## Aim of the exercise:
Using the material below, repeat exactly the lines from the one with "Zeit für Veränderung: Nicht" through the one with "Digital Temp & Humidity Sensor (RMA-DTH-SEN)", ends included, without any images.

*** Task inputs ***

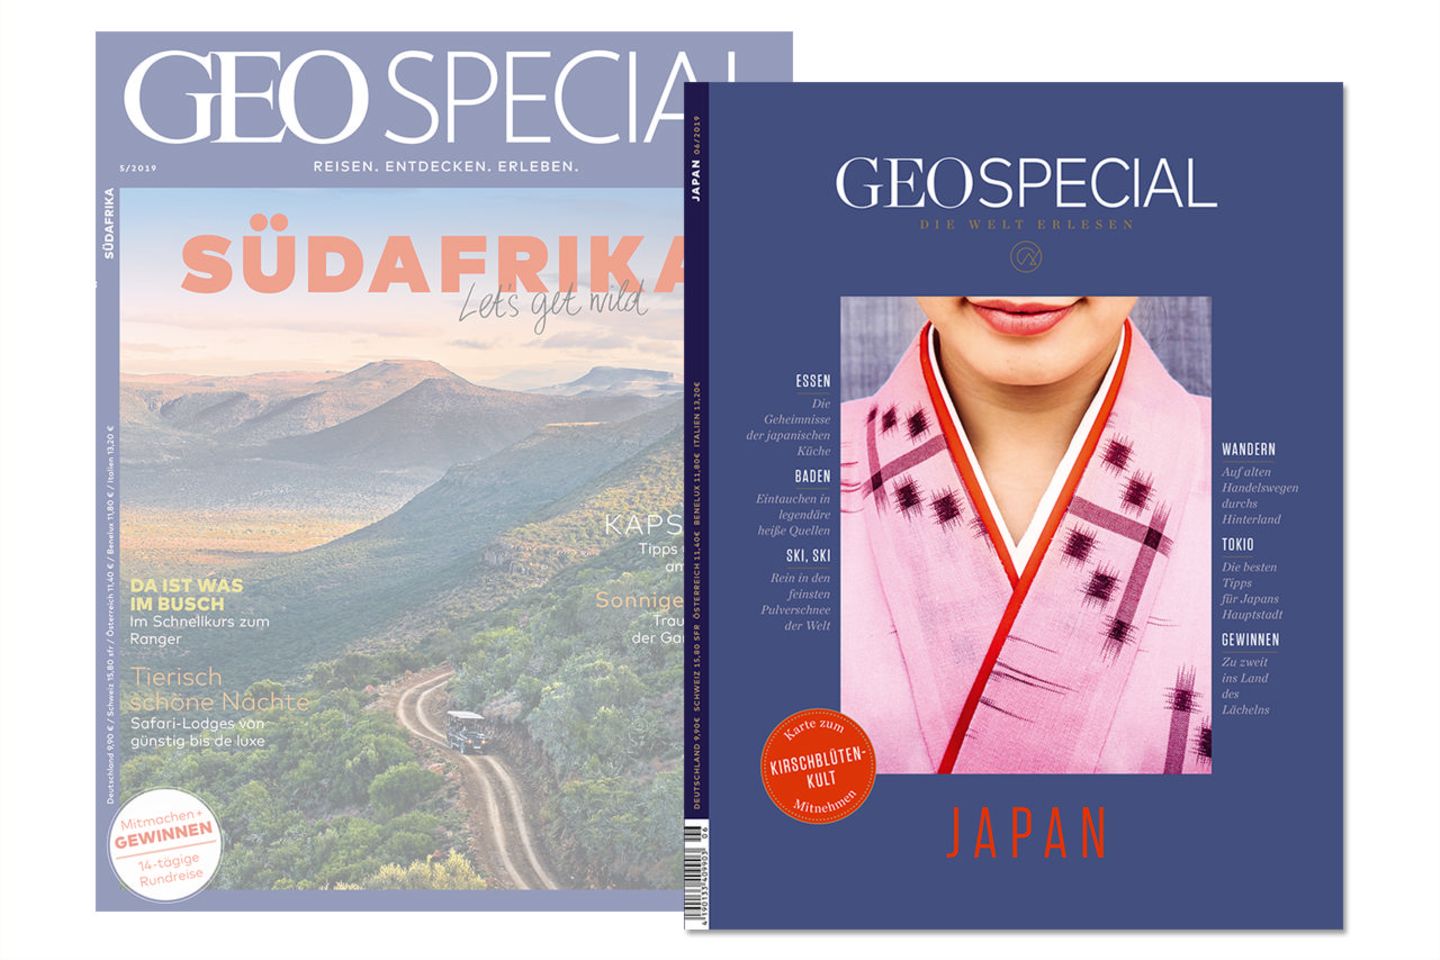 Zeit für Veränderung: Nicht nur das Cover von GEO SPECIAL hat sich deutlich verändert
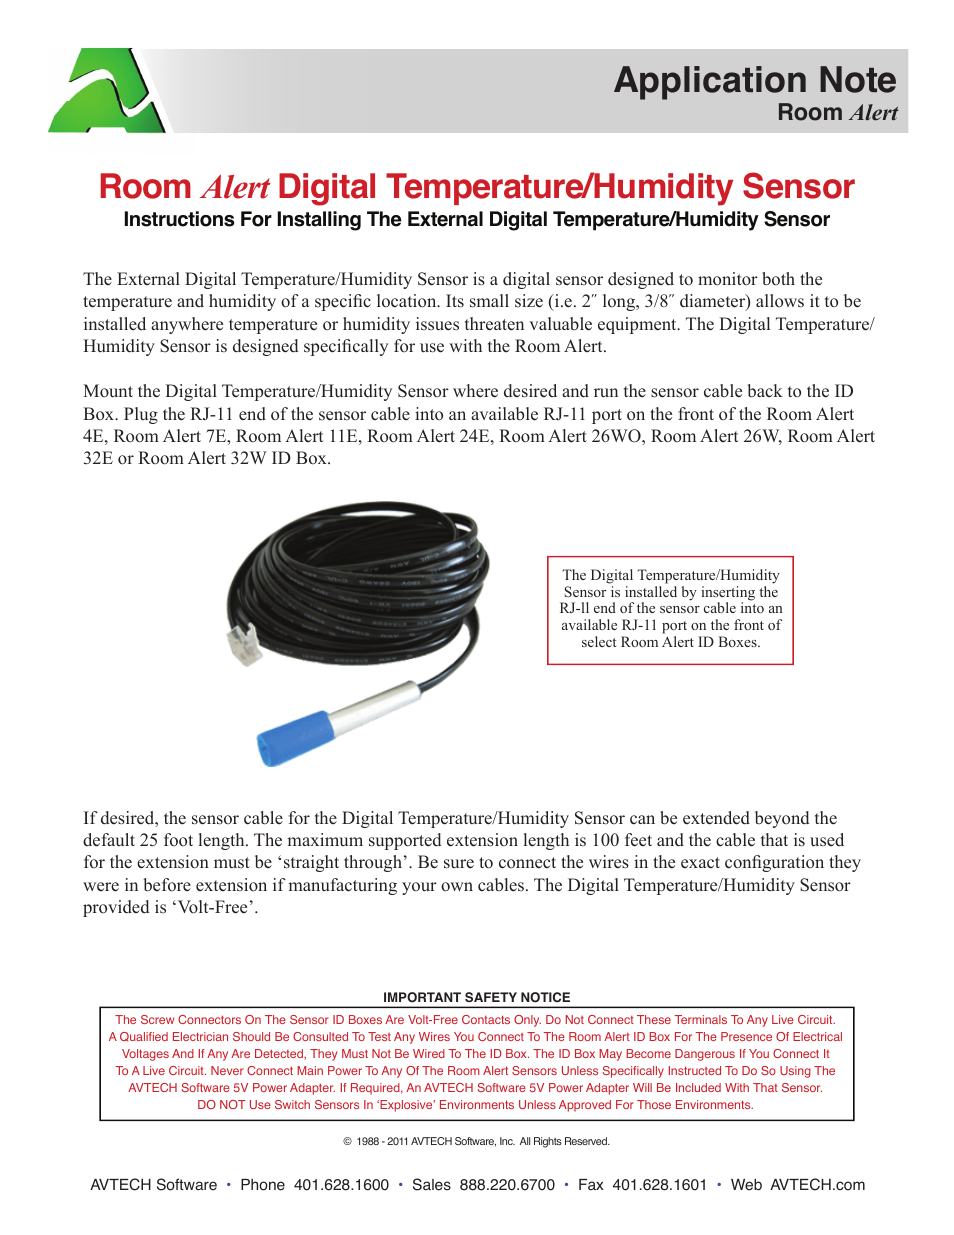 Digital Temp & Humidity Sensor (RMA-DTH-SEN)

*** End of Task inputs ***
*** Task inputs ***

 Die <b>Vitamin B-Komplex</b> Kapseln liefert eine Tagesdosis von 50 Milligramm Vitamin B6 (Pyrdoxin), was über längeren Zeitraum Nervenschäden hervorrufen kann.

*** End of Task inputs ***

## Output for this task:
 Zeit für Veränderung: Nicht nur das Cover von GEO SPECIAL hat sich deutlich verändert
 Digital Temp & Humidity Sensor (RMA-DTH-SEN)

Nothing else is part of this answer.